Se o imposto a pagar for superior a R$ 100,00, você pode optar pelo parcelamento. É possível parcelar o imposto em até oito quotas mensais, desde que o valor mínimo da parcela seja de R$ 50,00.

Porém, fique atento a um detalhe importante: a partir da segunda parcela há incidência de juro de 1% sobre o valor da parcela, mais a variação da taxa Selic a partir de 1º de junho até a data de vencimento da parcela.

Se você atrasar o pagamento da parcela, além dos juros citados acima, estará sujeito a multa de 0,33% ao dia, até o limite de 20% sobre o valor da parcela. Veja a seguir, o passo a passo para fazer o parcelamento do imposto no programa do IR 2022.

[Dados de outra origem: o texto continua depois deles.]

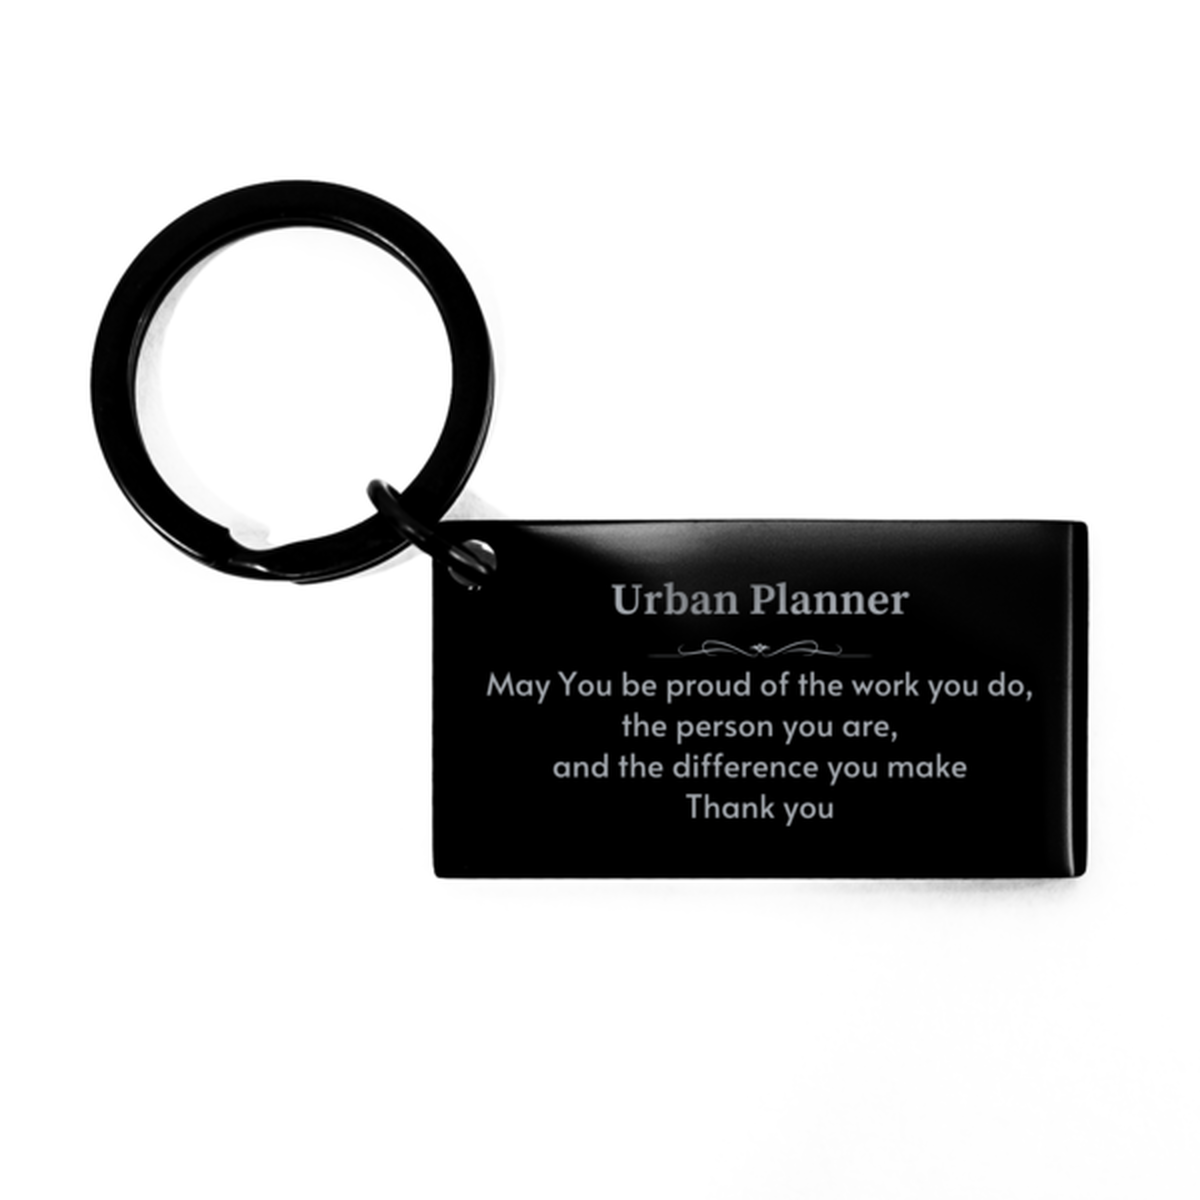 Heartwarming Keychain Retirement Coworkers Gifts for Urban Planner, Aerospace Engineer May You be proud of the work you do, the person you are Gifts for Boss Men Women Friends

Dentro da ficha “Cálculo do Imposto”, localize o quadro do lado direito do “Imposto a pagar”. Entre na aba “parcelamento”.

Selecione o número de parcelas desejado, lembrando que o valor mínimo da parcela deve ser de R$ 50,00.

Em seguida, marque as bolinhas ao lado de “débito automático” e de “Quota única ou a partir da 1ª quota”. Lembre-se que essa opção só será possível até 10 de maio. Após essa data, você pode colocar a 2ª quota em diante no débito automático. Nesse caso selecione a bolinha ao lado de “A partir da 2ª quota”.

IR22 debito 2 - Reprodução - Reprodução

Para concluir o processo, entre na aba “Informações bancárias” e preencha o nome do banco, agência e conta com dígito (DV) onde o débito automático do imposto deverá ser feito. A conta precisa ser do mesmo titular da declaração.